Top industry executives BJ Moore, Executive Vice President and Chief Information Officer, Providence St. Joseph Health; Dr. Ali Parsa, Chief Executive Officer, Babylon Health; and Lucia Savage, Chief Privacy and Regulatory Officer, Omada Health, discussed the evolving doctor-patient relationship and the digitized data and technology convergence with healthcare delivery and payment along with moderators Dale C. Van Demark, Partner, McDermott Will & Emery; Rachel S. Hall, Partner, Digital Health Leader, EY; Stephen W. Bernstein, Partner, McDermott Will & Emery; and Lisa Schmitz Mazur, Partner, McDermott Will & Emery. They also provided insight into 2021’s regulatory considerations affecting healthcare innovation and its solutions.

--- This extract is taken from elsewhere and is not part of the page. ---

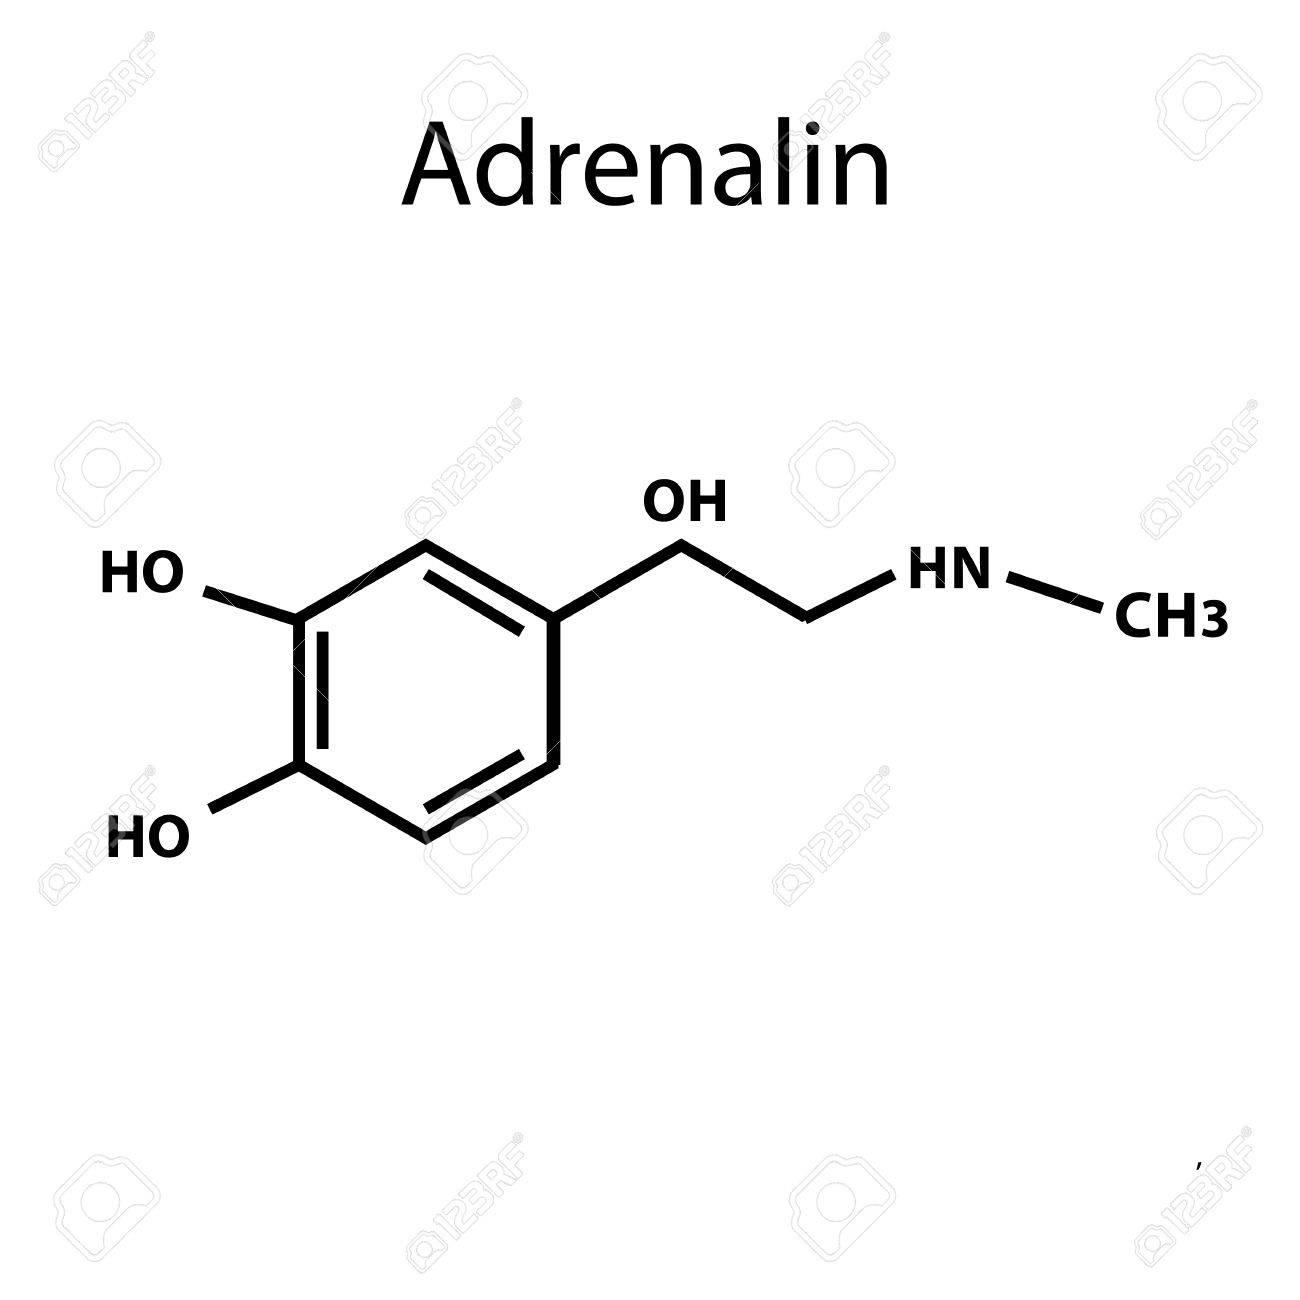 La Adrenalina Es Una Hormona Fórmula Química Ilustración De Vector Sobre Fondo Aislado

Below are the top takeaways for McDermott Will & Emery and EY during the 2021 J.P. Morgan Healthcare Conference: Digital Health Pioneers Forum, click here to access the full webinar.

Access the PDF here.

CARE OF THE FUTURE
We are only seeing the beginning of the decentralization of care through information technology; but that shift is how scalable solutions to our health care challenges will develop. “Care delivery at home, where we can send patients home and remotely monitor them—eventually that will evolve to things like wearables -IoT devices- that we may have in our clinical settings. We’re seeing the [...]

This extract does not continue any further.